On start up FAI will execute the files in the folder class in the FAI config space. I modified the 20-hwdetect.sh to include the iSCSI disk in the disklist variable. Then I used the feature of globbing device names in the disk_config partition setup. The file 20-hwdetect.sh needed to be renamed to 55-hwdetect.sh , otherwise there was no access to the defined classes of the host which are defined later in 50-host-classes. Here is the 55-hwdetect.sh :

    #! /bin/bash
    # (c) Thomas Lange, 2002-2013, lange@informatik.uni-koeln.de
    # NOTE: Files named *.sh will be evaluated, but their output ignored.
    [ $do_init_tasks -eq 1 ] || return 0 # Do only execute when doing install
    echo 0 > /proc/sys/kernel/printk
    kernelmodules=iscsi_tcp
    # here, you can load modules depending on the kernel version
    case $(uname -r) in
        2.6*) kernelmodules="$kernelmodules mptspi dm-mod md-mod aes dm-crypt" 
;;
          3*) kernelmodules="$kernelmodules mptspi dm-mod md-mod aes dm-crypt" 
;;
          4*) kernelmodules="$kernelmodules mptspi dm-mod md-mod aes dm-crypt" 
;;
    esac
    for mod in $kernelmodules; do
        [ "$verbose" ] && echo Loading kernel module $mod
        modprobe -a $mod 1>/dev/null 2>&1
    done
    
    ip ad show up | egrep -iv 'loopback|127.0.0.1|::1/128|_lft'
    
    echo $printk > /proc/sys/kernel/printk
    
    # here comes the iSCSI part
    # this will start iSCSI and makes the disk visible to the system
    if ifclass ISCSI; then
        echo "ISCSI class defined: logging in to target"
        echo "Initiatorname: iqn.2010-04.org.ipxe:$HOSTNAME "
        iscsistart -i iqn.2010-04.org.ipxe:$HOSTNAME \
               -t iqn.2003-01.cluster.nas1:root \
               -g 1 \
               -a $SERVER \
               -p 3260
        sleep 5
        lsscsi | grep LIO-ORG
        # match the last 4 letters of the LIO-ORG device line, i.e. sdb<SPACE>
        # this selects the iSCSI disk, my be better to use /dev/disk/by-path/* ?
        disklist=$(lsscsi | grep LIO-ORG | grep -o "....$")
        #disklist=${iscsi_disk: -4}
        echo "ISCSI disk found: $disklist"
    fi
    
    
    odisklist=$disklist
    set_disk_info  # recalculate list of available disks
    if [ "$disklist" != "$odisklist" ]; then
        tmp_disklist="$disklist $odisklist"
        echo New disklist: $tmp_disklist
        echo disklist=\"$tmp_disklist\" >> $LOGDIR/additional.var
    fi
    
    save_dmesg     # save new boot messages (from loading modules)

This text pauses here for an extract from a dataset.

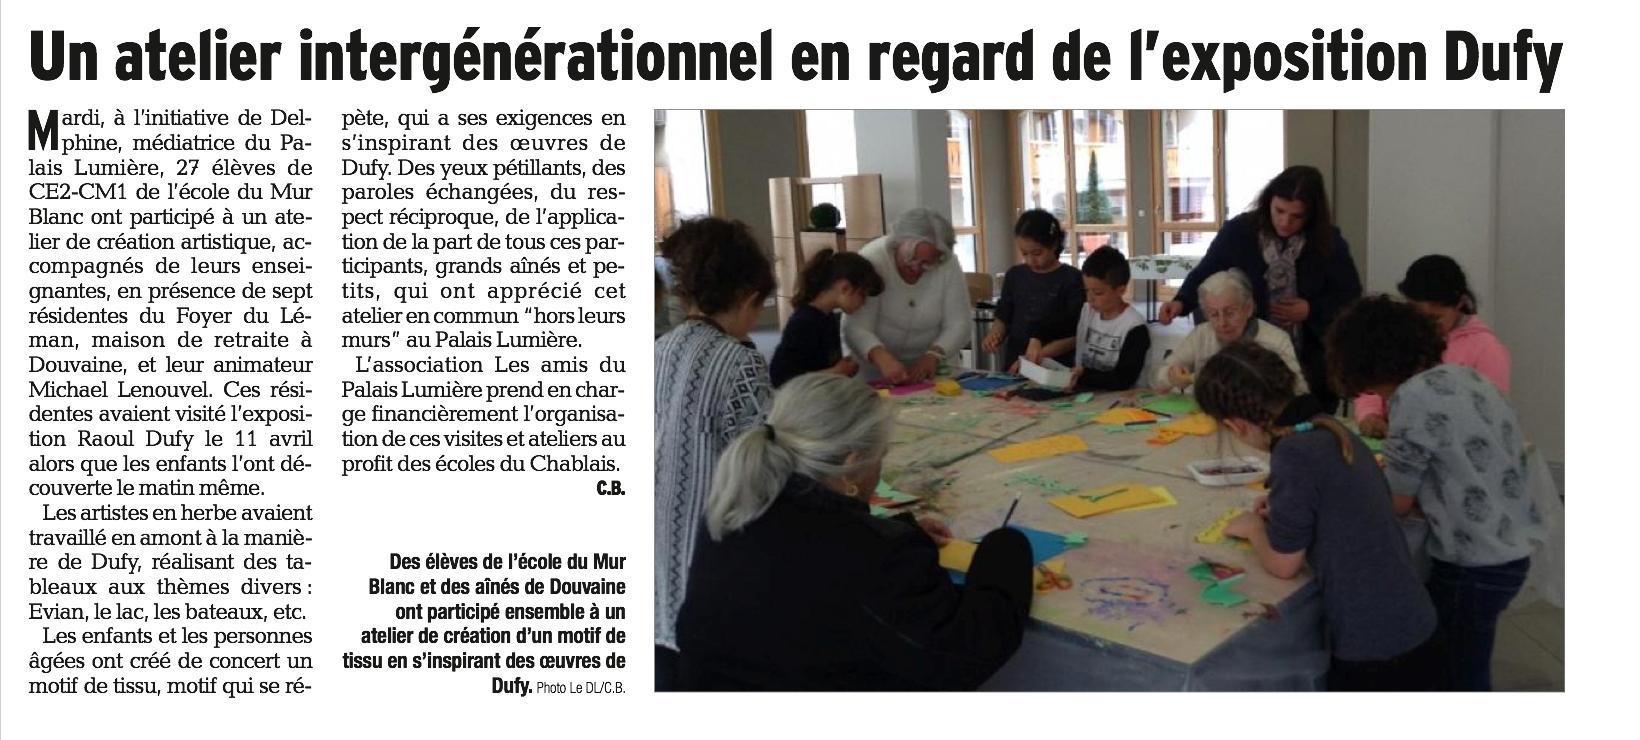 5 mai atelier interge ne rationnel pdf page 14 edition de thonon les bains et le chablais 20170505

For this to work there needs to be an iSCSI target setup with the proper ACLs for the current initiator. Here is a small script which creates a small disk image in the fileio backstore, and makes it the first LUN for the initiator:

    #!/bin/bash
    set -e
    TARGET_HOSTNAME=$1
    ISCSI_TARGET="iqn.2003-01.cluster.nas1:root"
    ISCSI_INITIATOR="iqn.2010-04.org.ipxe:$TARGET_HOSTNAME"
    
    # Create file image
    targetcli backstores/fileio create $TARGET_HOSTNAME /srv/iscsi-images/$TARGET_HOSTNAME.img 24G true
    
    # Create ACL for initiator
    targetcli iscsi/$ISCSI_TARGET/tpg1/acls create $ISCSI_INITIATOR add_mapped_luns=false
    
    # create lun on ACL
    targetcli iscsi/$ISCSI_TARGET/tpg1/acls/$ISCSI_INITIATOR  create mapped_lun=0 tpg_lun_or_backstore=/backstores/fileio/$TARGET_HOSTNAME
    targetcli / saveconfig

And finally the disk config for FAI’s setup-storage (/srv/fai/config/disk_config/ISCSI). The glob expression will match the first iSCSI disk (LUN 0) and create a root and swap partition.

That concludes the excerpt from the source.